Saturday 8 February 2014

holed up

I couldn't motivate myself to get out into the garden today, even though apart from one short and phenomenally sharp shower it was mostly dry for the rest of the day.  The garden looked so sodden and uninviting, after yet more heavy rain overnight, and the top part of the garden where the soil is lightest and easiest to work is also worst sheltered from the wind, which was fierce.  I could have crawled around on the gravel, weeding the Italian garden, wind-induced tears dropping on my spectacles, but frankly I couldn't face it.

The poor Genista aetnensis in the turning circle catches the full brunt of the wind, and is gradually leaning at more and more of an angle.  It has always insisted on growing as a multi stemmed shrub, instead of forming a graceful tree like the ones in the Chatto Gardens, and each year I cut out as many stems as I dare.  This year I'll have to take out the most lopsided, downwind ones, but I'm more worried about what is happening below ground to the roots.

I made some more bread, and even though I started at half past eight, a full hour earlier than last time, it still wasn't ready until half an hour after our usual lunchtime of one o'clock.  Frankly the timing of bread making is still rather a mystery, though the finished loaf was very nice once it was finally done.  Also I made vegetable soup, which is a good occupation for a day when you are stuck indoors, cutting carrots, onions, turnip, potato and celery into tiny dice.  Twenty minutes before serving I thought I'd blown it and been far too heavy handed with the mixed herbs, but then the flavours miraculously melded.  The final addition of some broad beans and peas out of the freezer seemed to help.  While I was at it I prepped the vegetables for tonight's stew, which has been simmering all day in the cool side of the Aga, an experiment in making something sold as 'stewing steak' acceptably tender.  The term is rather ominous, but what's the point of having a slow-cook facility constantly on the go if you aren't going to use it to render cheap cuts of beef edible?

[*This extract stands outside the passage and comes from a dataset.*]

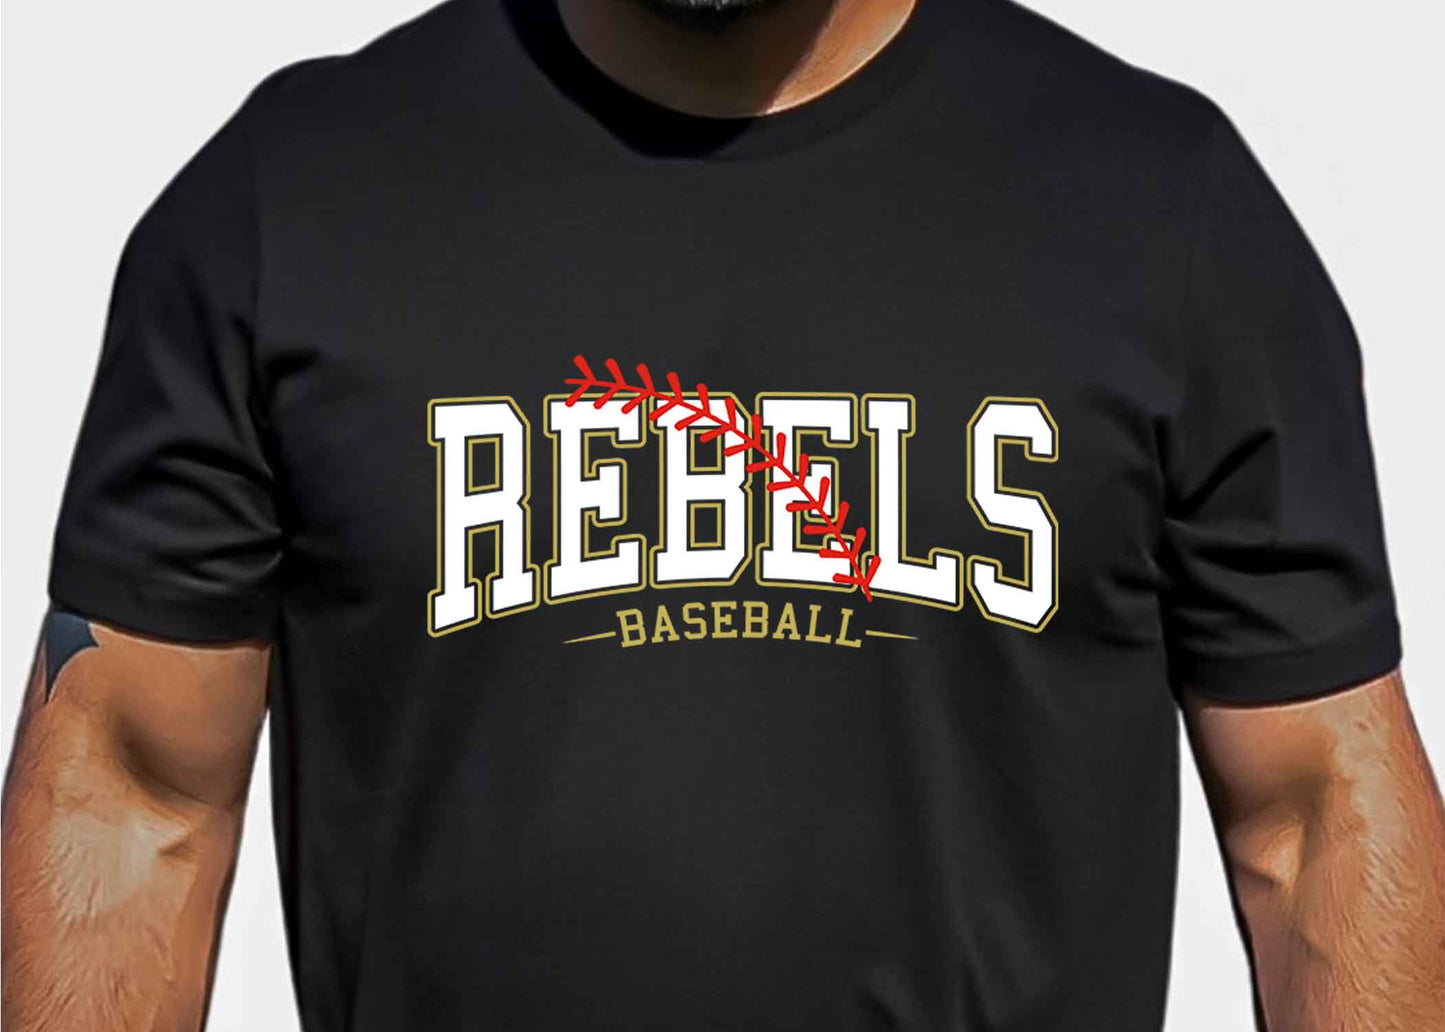 Rebels baseball shirt 2425

The Systems Administrator watched the racing at Newbury.  I was amazed that was even on, since my image of the Home Counties is of them gradually disappearing under water.  Apparently the fences are moved around to spread the wear across the grass, but even so the horses were coming in so muddy that the jockey's colours were undetectable under the all-enveloping spray of filth.  The SA has now moved on to watch England v Scotland in the Six Nations at Murrayfield, and since the main pre-match news seemed to be that the pitch was suffering badly from worm casts, that is presumably equally muddy.

I feel as though we are beginning to exist in a state of limbo.  We seem to be over the worst of our colds (though they have been so persistent that I hesitate to write that, in case it invites yet another relapse) but it feels premature to try and arrange to see anybody or do anything.  With reports of cars being swept away in the Hadhams, and floods of sewage in Saffron Walden, I feel like staying close to home and travelling on familiar roads.  I am even wary of the trains, in case landslips or falling trees leave me stranded and waiting for an uncertain replacement bus service fifty miles from home.

Looking on the bright side,  if this carries on our olive tree, which has shrunk in each of the past three cold winters, might finally grow back to the size it was when we bought it.